At Trinity, Dmytro has benefited hugely from the training facilities and high standard of competition. "Coming from Ukraine, then Romania, I never had players [of the same standard] to train with," he says. "For me, it was all about solo work and ghosting to get my heart rate up.

“But the first time I went to the squash courts at Trinity, I saw people who weren't just hitting the ball well, they were beating me, making me sweat and work hard. I was so excited. As a junior my father sent me to Cairo and Barcelona to train with top players for a few weeks. That was good, but I have been at Trinity for seven months and I really feel the difference. I feel how much it helps me.”

This weekend will be Dmytro's third and final ESF European U19 Individuals appearance. His first was aged 16 in 2022 in Eindhoven - just weeks after the Russian invasion. He hadn't picked up a racket for two weeks, but was allowed a late entry into the tournament. "It was a crazy time but I was very grateful that the tournament director let me play," he says.

Dymtro turns 19 in May, so he will play his last ever junior tournament in his adopted home city. His coach, George Alexandru Constantinescu, is tournament director. Dymtro says: "When he told me the championships would be held here in Bucharest, I laughed. It's a perfect way to end my junior career.

"Spring break was last week so I came home back early from college to adjust to the time difference and prepare.
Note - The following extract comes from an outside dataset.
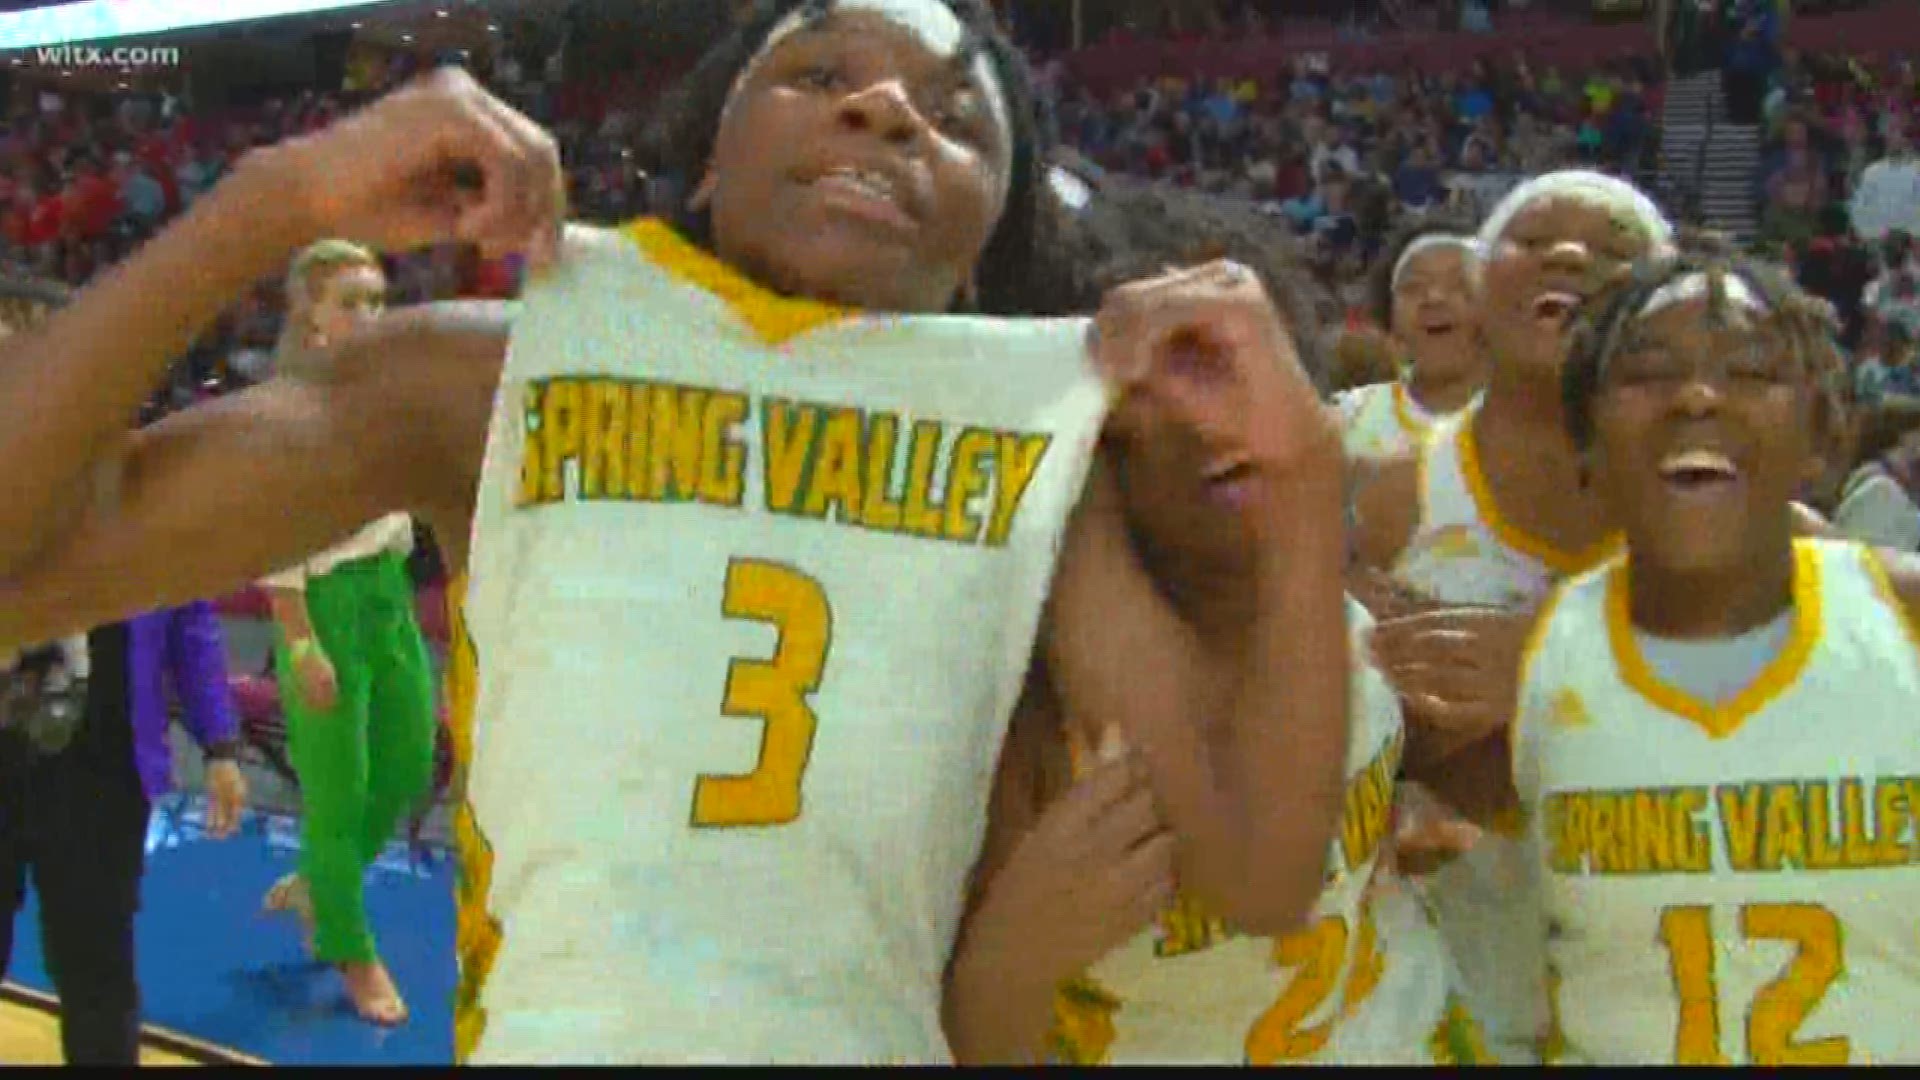 The Spring Valley Vikings are one win away from a goal they set this season and the season before as they are one win away from repeating as 5A champions. They defeat Sumter 58-42 in the Upper State Finals to advance.

I have the ability to match with anyone but my target is just playing my best squash.

“The seedings situation is pretty weird - whoever gets me in the first round might be a bit upset! But if you come to this tournament you have to expect to play the best players if you want to win, whether that is in the first round or later on. I am ready for anyone and anything - I just want to be on court for as long as I can.”